Dame Warrigal, for those members unaware, and I, share similar interests to greater extent than expected, of a 'rebel" Yank, and an educated, scientifically-aware lady "down-under". Thus is explained this cross-concerted effort by an "imp".     imp


----------



## Warrigal (Jul 30, 2015)

imp said:


> Might I ask, what is "OZ"?
> 
> Do the school systems support agricultural studies aimed at (no pun intended, "aimed"), disseminating useful study for those entering farming or the like? Are shovels, hoes, and other tools necessary to such trades permitted in schools?   imp


OZ = Aus = Australia. Aussies love to abbreviate.

Where agriculture is on the curriculum, such implements are supplied by the school. 
There are no shovels, hoes, axes or ammonium nitrate on the school bus.

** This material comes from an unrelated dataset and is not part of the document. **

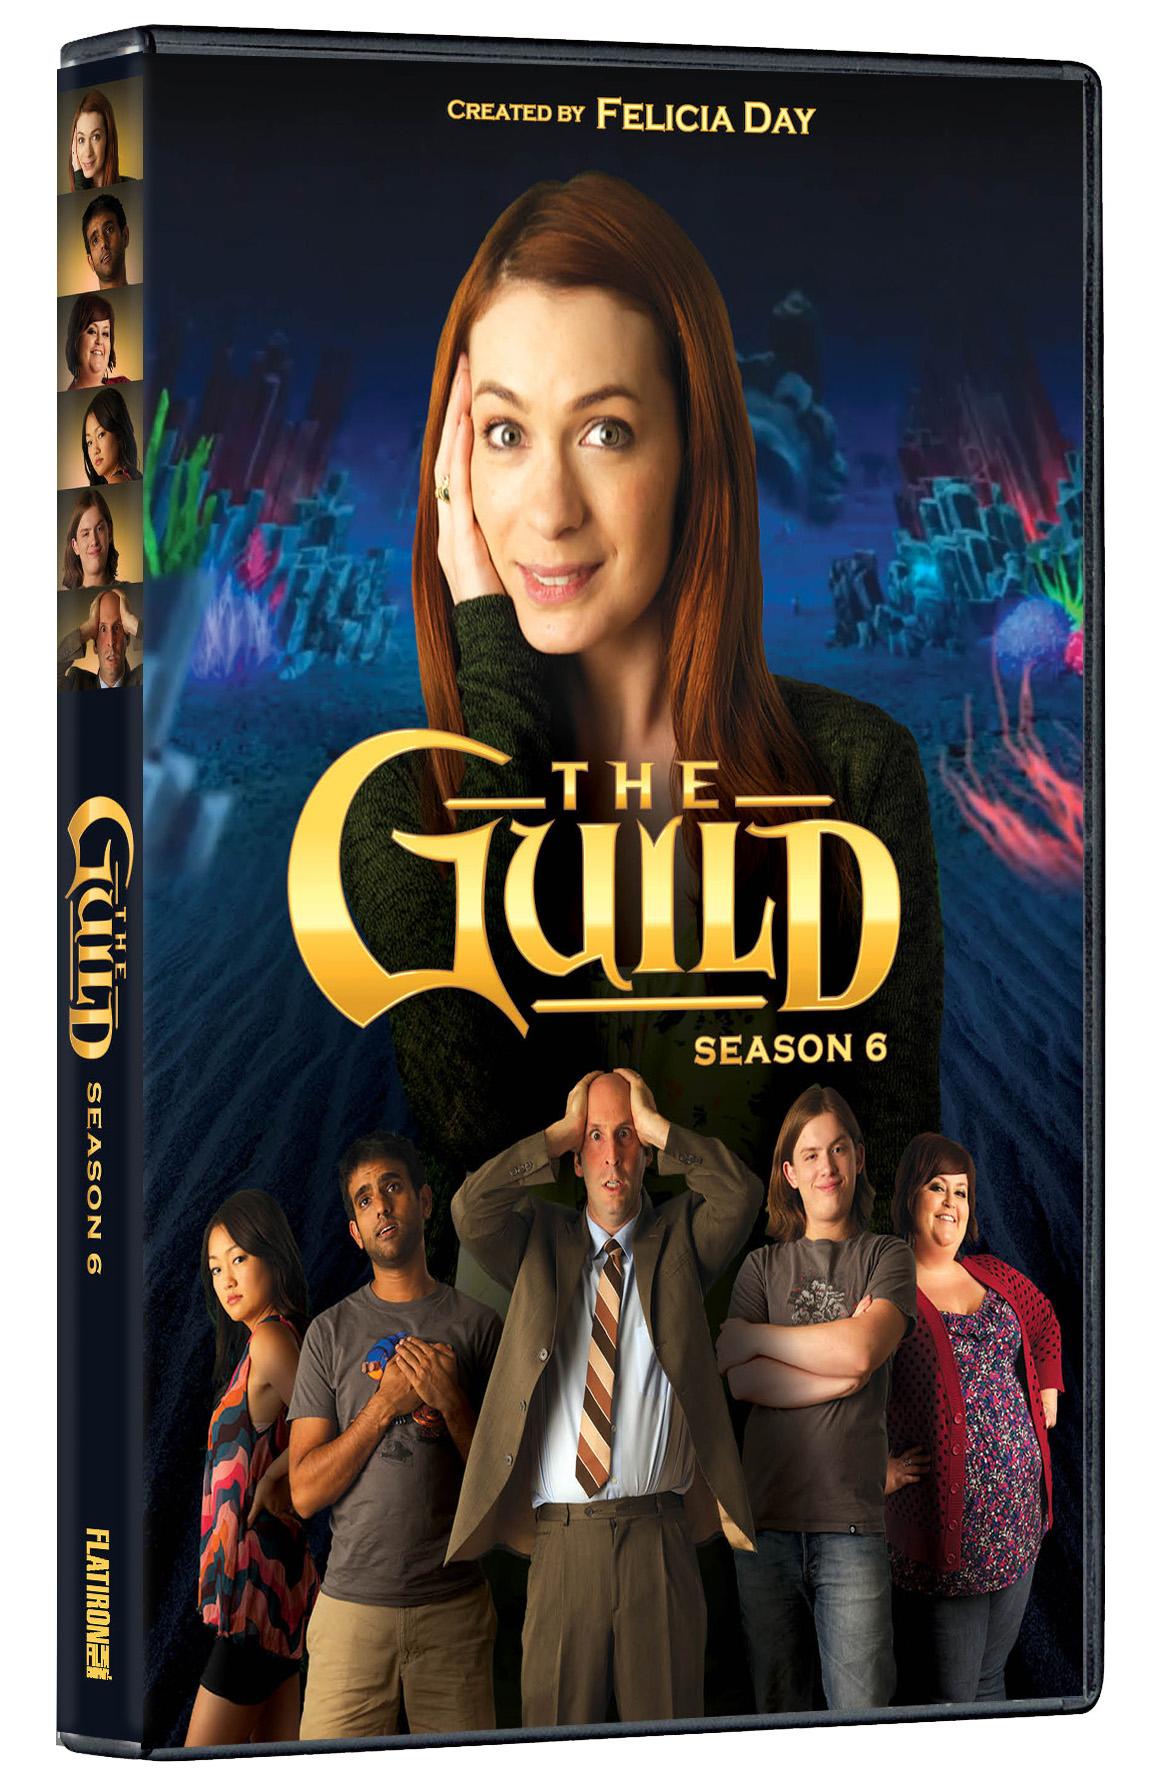 The Guild Season 6 DVD Review

One good thing about the story is that is would seem that the gun was not loaded. 
Ammunition is supposed to be stored separately from the weapon. 
Both should be under lock and key, but obviously the gun was not.


----------



## SifuPhil (Jul 31, 2015)

"Students who were shown the gun all received counseling."

This line was hilarious.


----------



## Ralphy1 (Jul 31, 2015)

I carried a switchblade to school while in junior high.  Does this mean I was bad kid or had bad parenting?


----------



## Warrigal (Jul 31, 2015)

SifuPhil said:


> "Students who were shown the gun all received counseling."
> 
> This line was hilarious.



Counselling over here came mean "got a good talking to". Employees receive "counselling" when they are seen to be performing poorly at work.
The school counsellor would probably be trying to find out if this sort of thing had happened before, especially outside of school.

Ten year olds are usually in Grade 4 or 5. It is important to make sure they aren't putting themselves in danger.


----------



## Warrigal (Jul 31, 2015)

Ralphy1 said:


> I carried a switchblade to school while in junior high.  Does this mean I was bad kid or had bad parenting?

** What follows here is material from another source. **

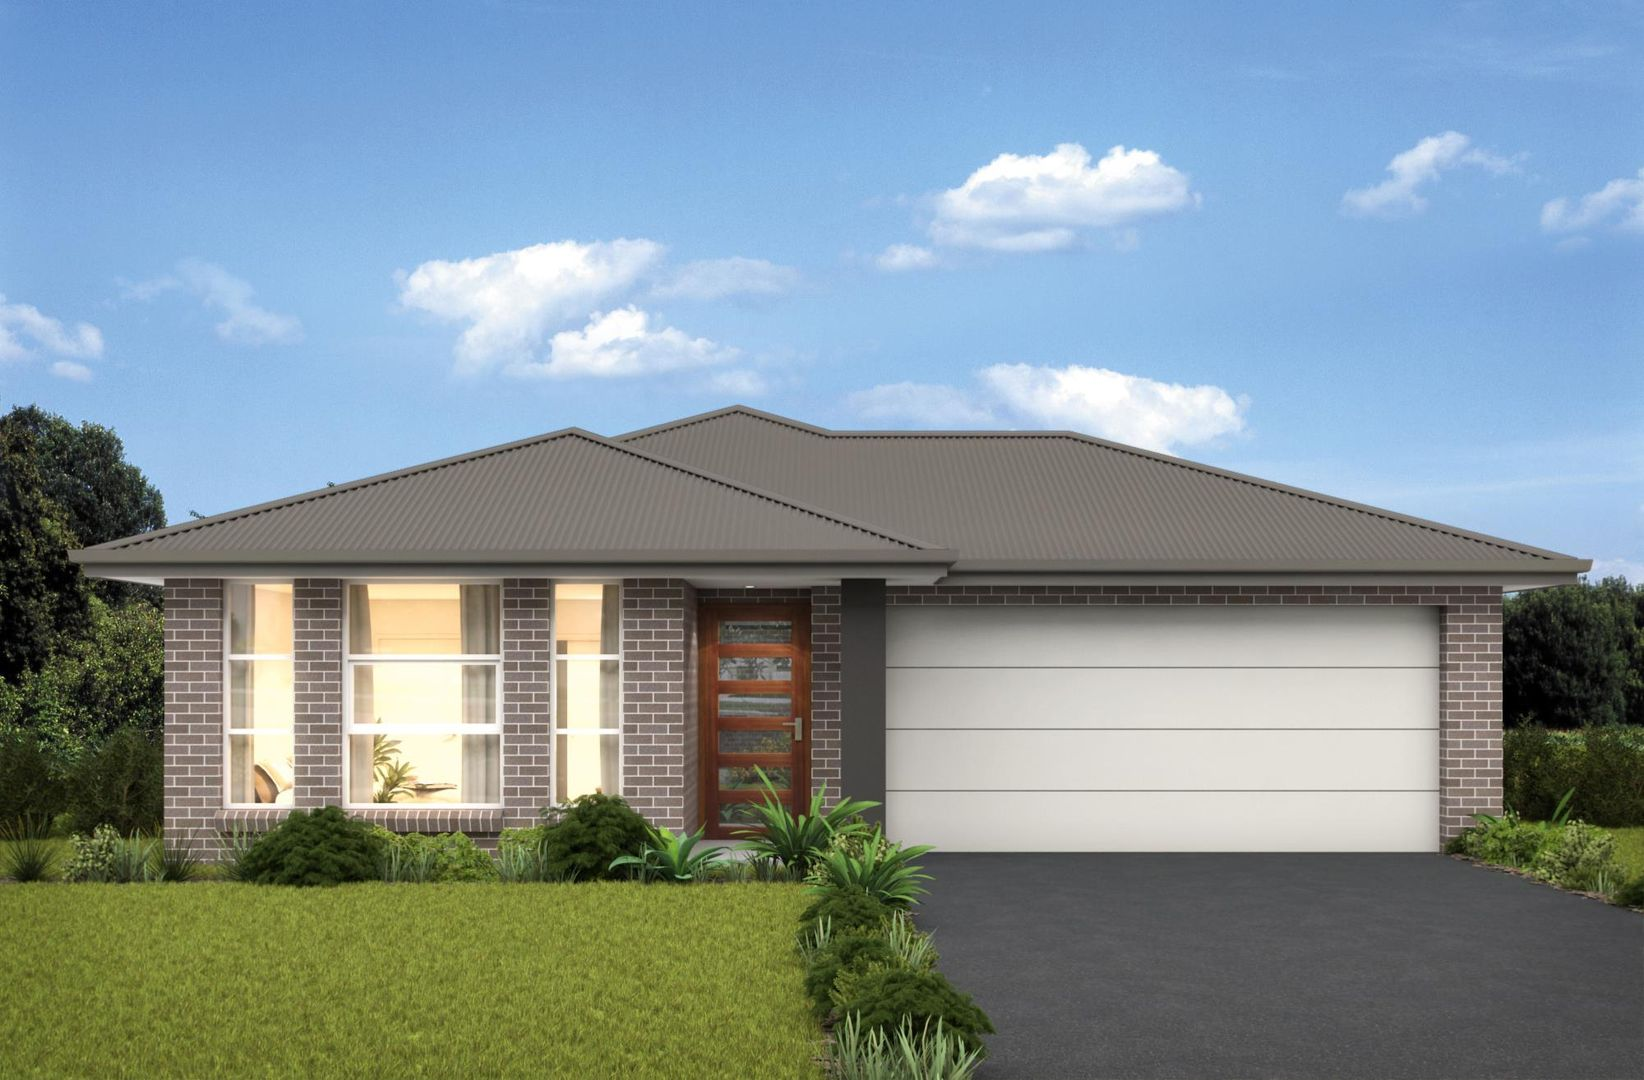 Lot 139 Neeson Road, Kembla Grange NSW 2526, Image 0

Yes. Where did you get such a thing and who knew about it? Or are you talking about a garden variety pocket knife?


----------



## Ralphy1 (Jul 31, 2015)

This was not a jackknife!  This was a serious knife, though no Crocodile Dundee one...


----------



## SifuPhil (Jul 31, 2015)

Dame Warrigal said:


> Counselling over here came mean "got a good talking to". Employees receive "counselling" when they are seen to be performing poorly at work.
> The school counsellor would probably be trying to find out if this sort of thing had happened before, especially outside of school.
> 
> Ten year olds are usually in Grade 4 or 5. It is important to make sure they aren't putting themselves in danger.

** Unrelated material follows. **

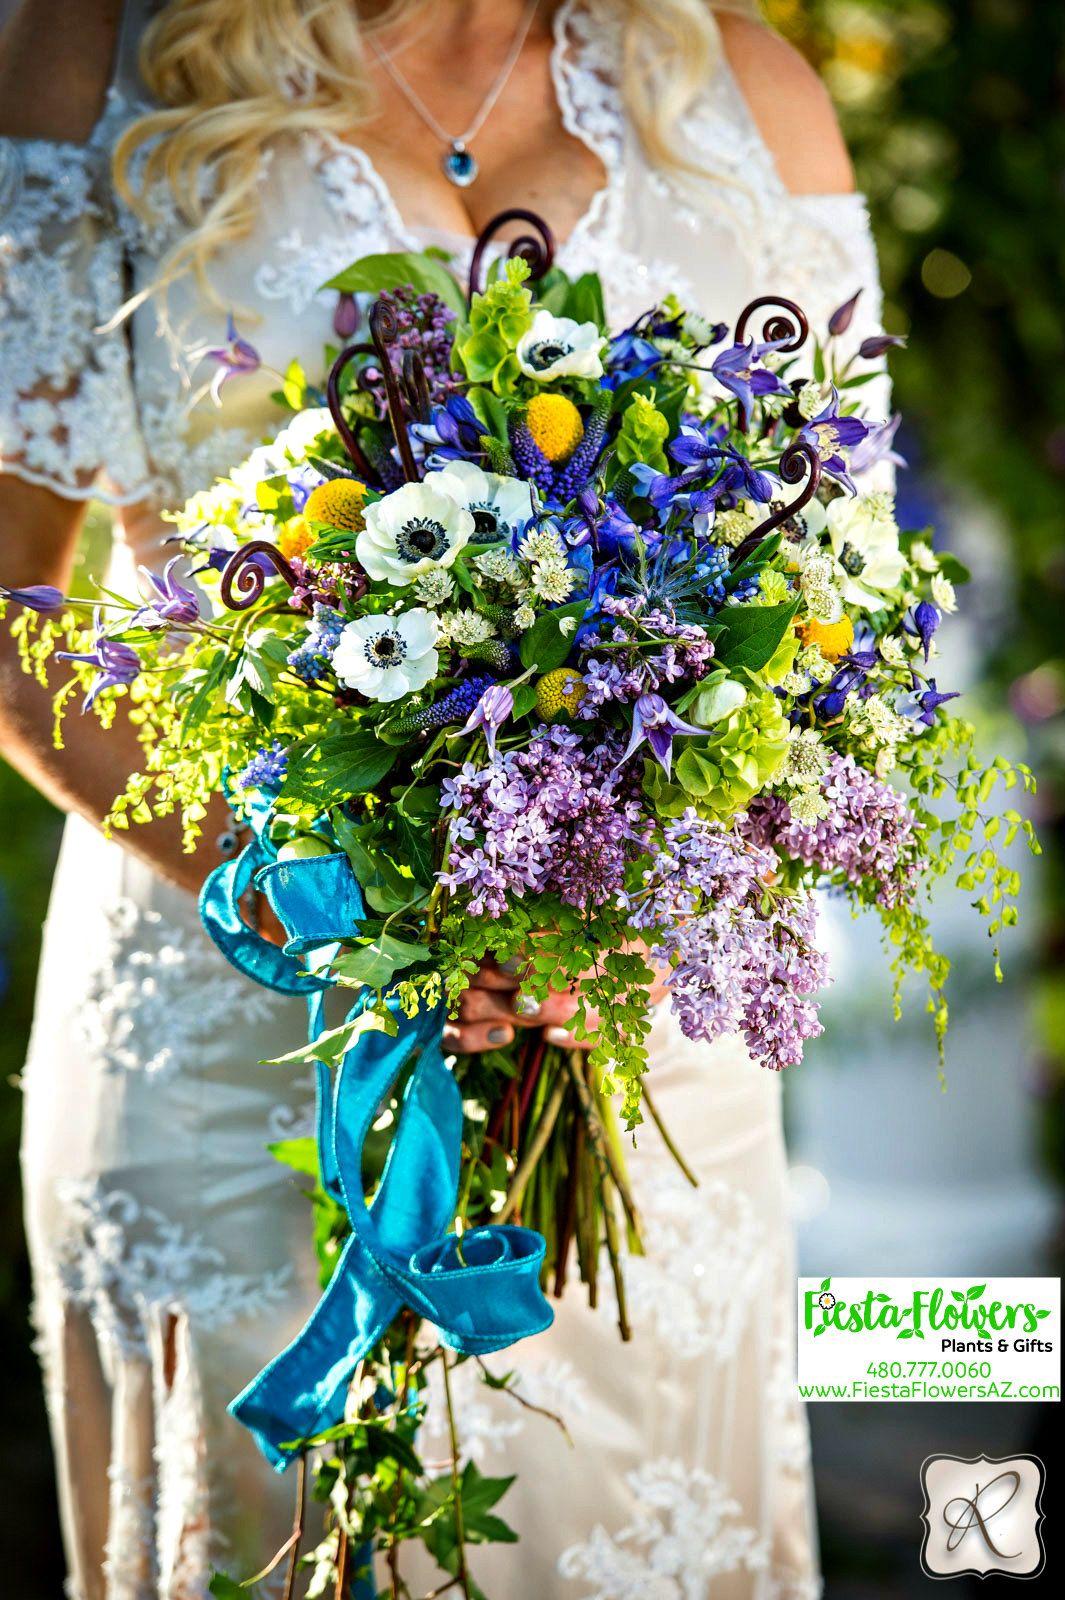 Fiesta flowers plants gifts local fullservice florist

Ah, okay. I thought perhaps they feared they would be psychologically scarred for life after seeing a gun.

Ralphy, was it a real Italian stiletto? Those are sweet!


----------



## Ralphy1 (Jul 31, 2015)

No, it was a cheaper, smaller knife that I shoplifted...


----------



## SifuPhil (Jul 31, 2015)

Ralphy1 said:


> No, it was a cheaper, smaller knife that I shoplifted...



But still lethal - that's the important thing.


----------



## Ralphy1 (Jul 31, 2015)

It very seldom left my pocket except to clean my nails...


----------



## Ken N Tx (Jul 31, 2015)

Ralphy1 said:


> It very seldom left my pocket except to clean my nails...


----------



## SifuPhil (Jul 31, 2015)

Oh, yeah, there ya' go! :love_heart:


----------



## Ken N Tx (Jul 31, 2015)

Ken N Tx said:


> View attachment 19980





SifuPhil said:


> Oh, yeah, there ya' go! :love_heart:



left over from my Chicago youth...


----------



## Ralphy1 (Jul 31, 2015)

Mine was just a cheapy that was probably made in Mexico...


----------



## imp (Jul 31, 2015)

SifuPhil said:


> "Students who were shown the gun all received counseling."
> 
> This line was hilarious.



Not necessarily, if that counseling consisted of training in the proper and safe use of firearms! Good luck with that, though.     imp


----------



## SifuPhil (Jul 31, 2015)

imp said:


> Not necessarily, if that counseling consisted of training in the proper and safe use of firearms! Good luck with that, though.     imp



Yeah, I won't hold my breath on THAT one.


----------